I myself crossed a line two decades ago when I decided I no longer wanted to be a New York Times music critic. I thought the classical music events I was reviewing were mainly redundant and superfluous. I felt cut off from the artists and arts administrators whose efforts I was judging.I wrote a notorious Jeremiad - Understanding Toscanini: How He Became an American Culture-God and Helped Create a New Audience for Old Music (1987) -- attempting to comprehend how classical music had become a cul de sac. I wound up running the Brooklyn Philharmonic Orchestra at the Brooklyn Academy of Music, pursuing post-classical programming strategies. Since then I've pursued a double career, writing books and producing concerts. The DC chamber orchestra I co-founded in 2003 is called Post-Classical Ensemble. I also create thematic programming for a variety of orchestras and presenters.

And, both as writer and producer, I remain obsessed with the story of Dvorak in America (1892-1895). Dvorak's mandate, as director of New York's National Conservatory of Music, was to help American composers find a distinctive voice. His enthusiastic response, espousing Native-American and (especially) African-American roots, was both influential and controversial. The Dvorak saga investigates the still exigent questions "What is America?" and "Who is an American?" It illuminates the uses of culture to define personal and national identity. It also, as I have been led to discover, furnishes a singular tool for infusing the arts and humanities into middle and high school classrooms. It links to the Indian Wars and the slave trade, Hiawatha and Buffalo Bill, plantation song and blackface minstrelsy, immigration and Yellow Journalism. This summer, I will direct a "Dvorak and America" NEH teacher training institute hosted by the Pittsburgh Symphony. We will train 25 teachers to integrate the Dvorak story into Social Studies and Music curricula. I look forward to reporting and contemplating this experience on my new blog.

The music historian Jeff Magee, recently reviewing my Classical Music in America: A History, shrewdly observed a contradiction in my approach to history. Of the rise-and-fall narrative I extrapolate, he writes that "on one hand, it seems to transcend human agency; on the other, Horowitz suffuses almost every page with humane empathy for individual achievement. He even uses the word hero without irony." It's true: the historian in me observes ineluctable forces, inescapable trajectories. The activist in me has to believe in the potency of individual agency. I lead two lives.

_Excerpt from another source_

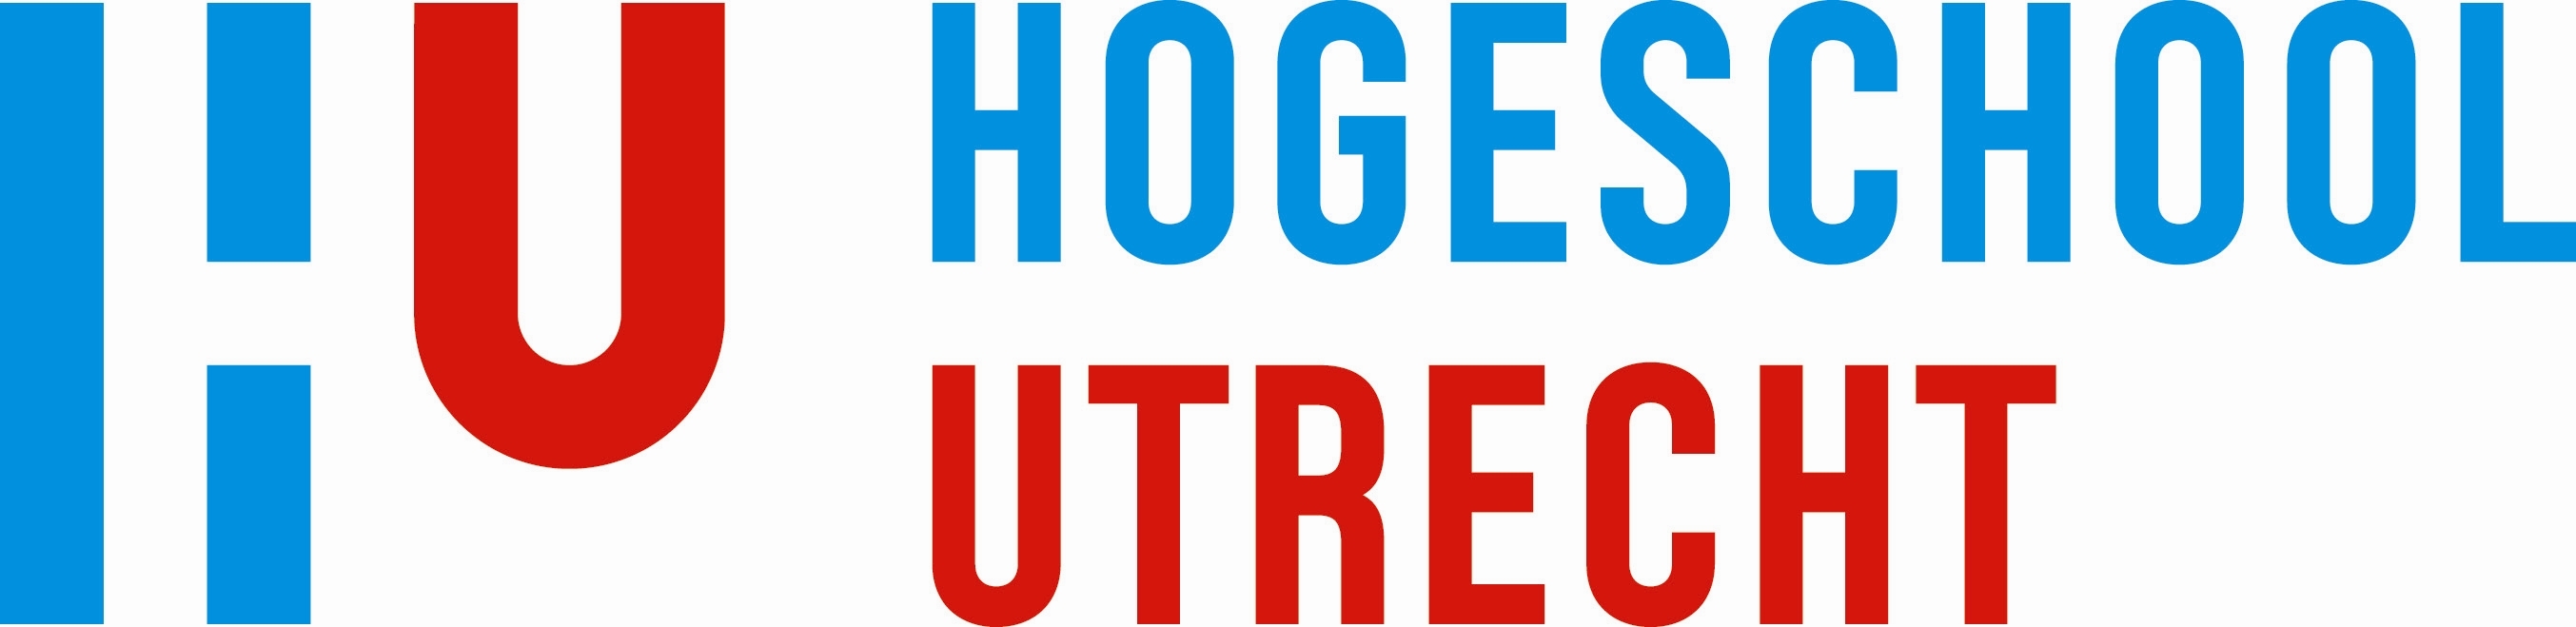 Hogeschool Utrecht Logo photo - 1

Quoting Ives, Leonard Bernstein called his 1973 Norton Lectures "The Unanswered Question." The question Bernstein posed was "Whither music in our time?" - and he had a lot of trouble answering it. And yet the answers came swiftly after that - from post-classical composer/performers like Steve Reich, Philip Glass, and John Adams. If many questions remain unanswered - if many an American orchestra is today in a state approaching panic - the Mahlerian gravitas and gloom that freighted Bernstein's pronouncements seems a dated twentieth century condition; post-classical music beckons.